Lawyers for Meta, the parent company of Facebook and Instagram, are accusing the Federal Trade Commission of attempting to exert more power than the agency is granted by law. The agency is planning to revise its 2020 settlement with Facebook over the company’s privacy violations, which fined the company $5 billion, a move Meta says is illegal. The social networking company is seeking to block the agency’s proceeding that would determine the settlement revisions.
“The FTC seeks to substitute itself for this court by taking ‘further enforcement action’ and ‘modifying’” the settlement, Meta’s lawyers wrote in a motion for an injunction filed Wednesday in Washington, D.C. District Court, according to Bloomberg. “This court—not the FTC—has exclusive jurisdiction.” Federal judge Timothy Kelly approved the original settlement, and the motion was filed to him.
For its part, the FTC has faulted Facebook for violating the terms of the settlement multiple times. The agency announced it would convene a meeting to change the settlement on May 3 with plans to penalize Meta further by banning any use of facial recognition and any monetization of children’s data.

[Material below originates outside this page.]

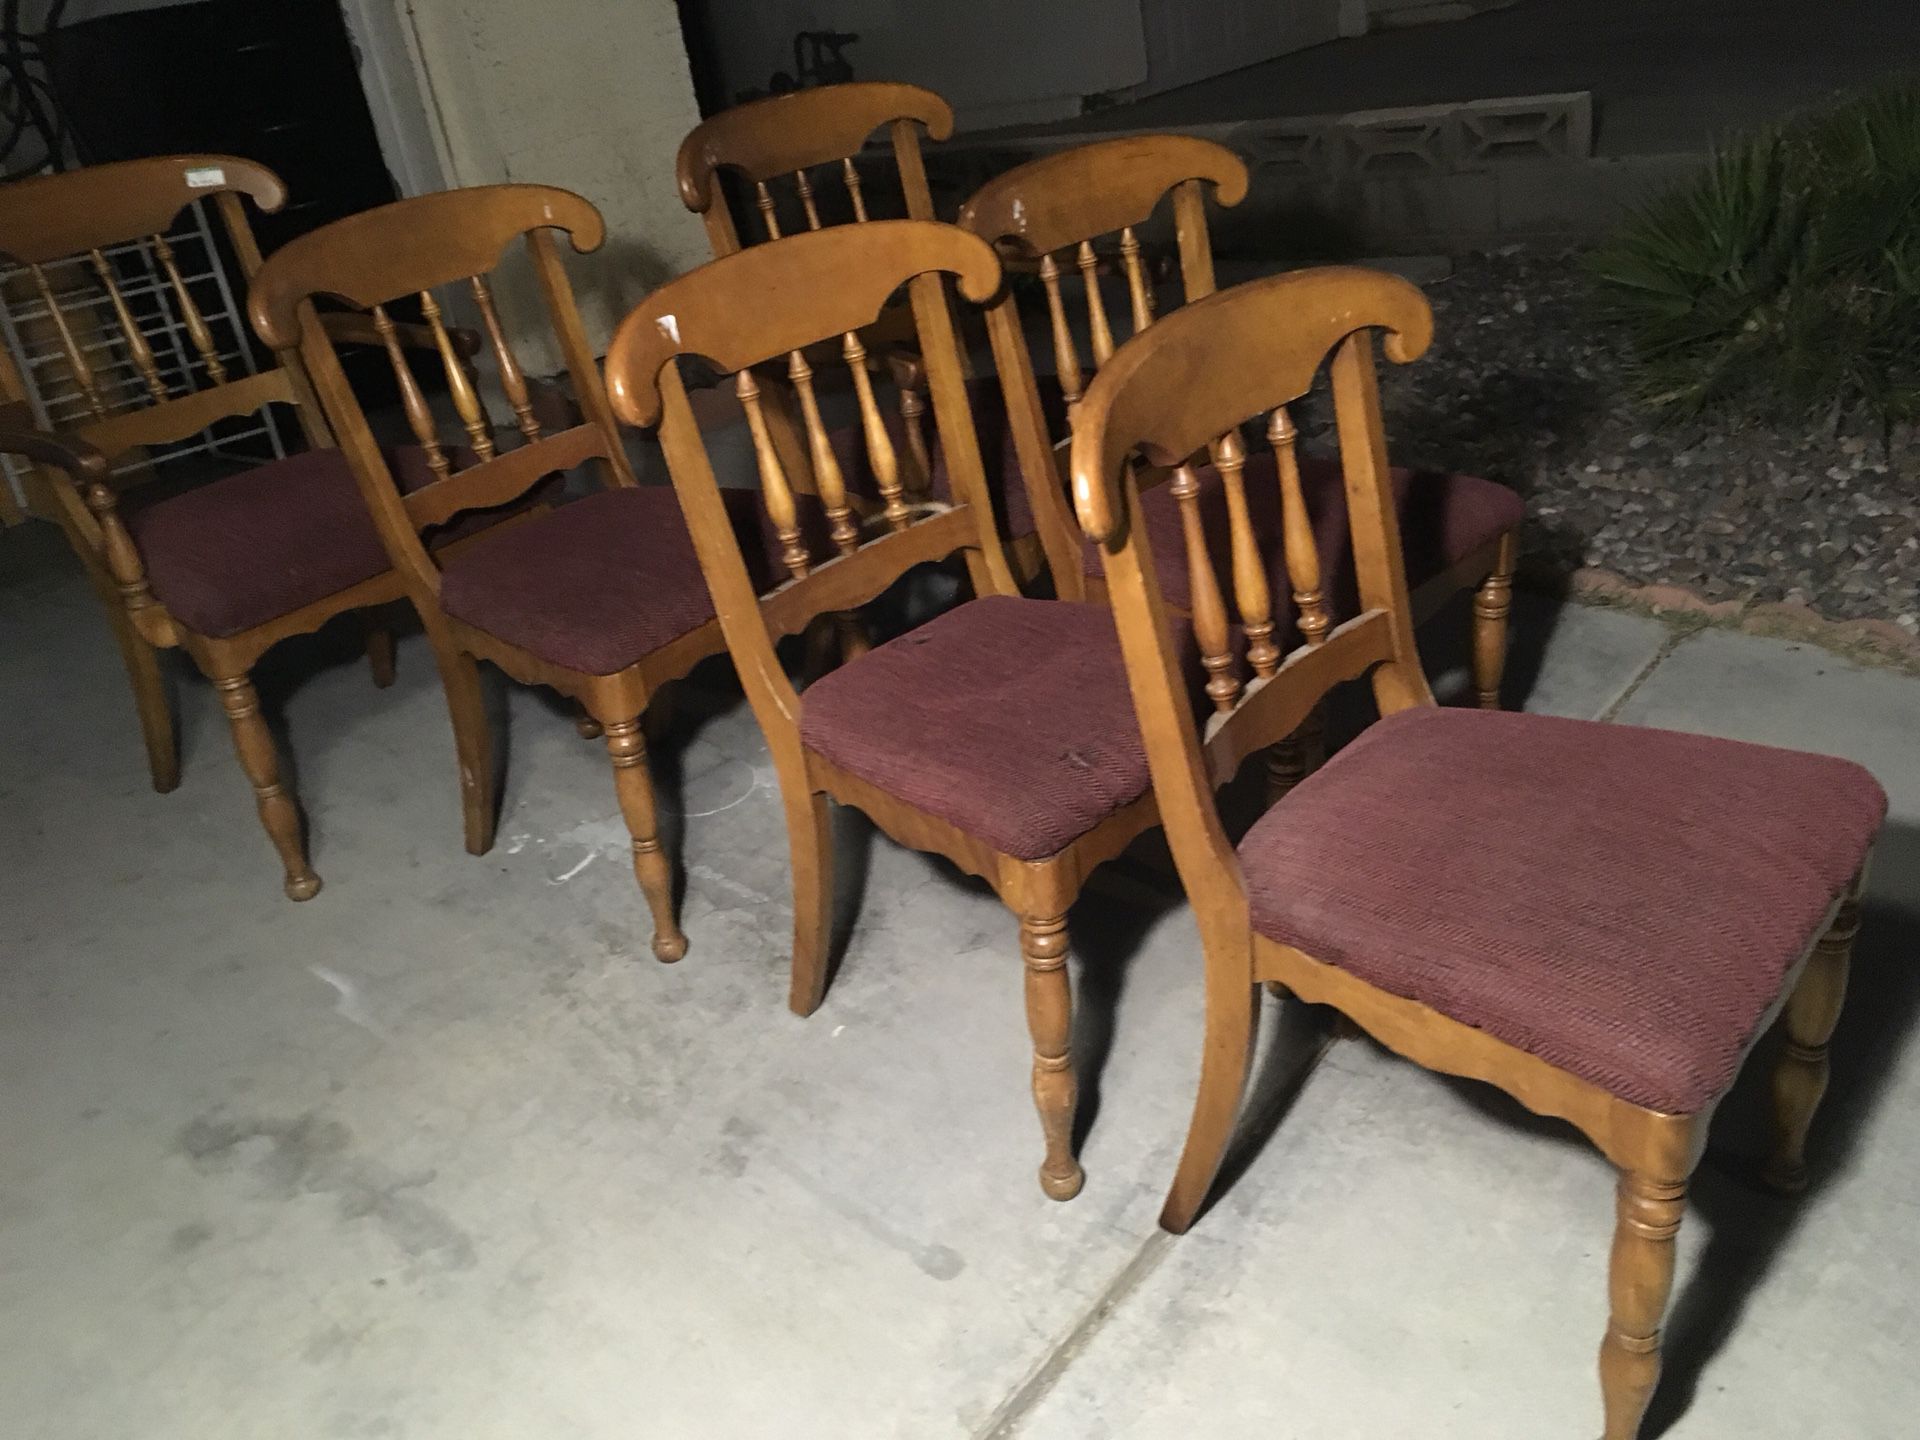 6 wooden Chairs

Meta alleges that the FTC is trying to circumvent the court because the agency’s leaders know their intended modifications would not pass legal muster: “The consent order is clear that only the federal court, not the FTC, can enforce or modify it, and the FTC is bound to comply with its terms,” a Meta spokesperson told Gizmodo. The FTC declined to comment.
The original settlement, the biggest fine in the FTC’s history, obligated Facebook to pay $5 billion for mishandling its users’ data, abusing their trust, and failing to safeguard their privacy. The conditions of the settlement did not prohibit Facebook from collecting data and sharing it with third parties, however. The fine came on the heels of the Cambridge Analytica scandal, which saw the data of 87 million users harvested under the guise of a quiz app but used for political marketing.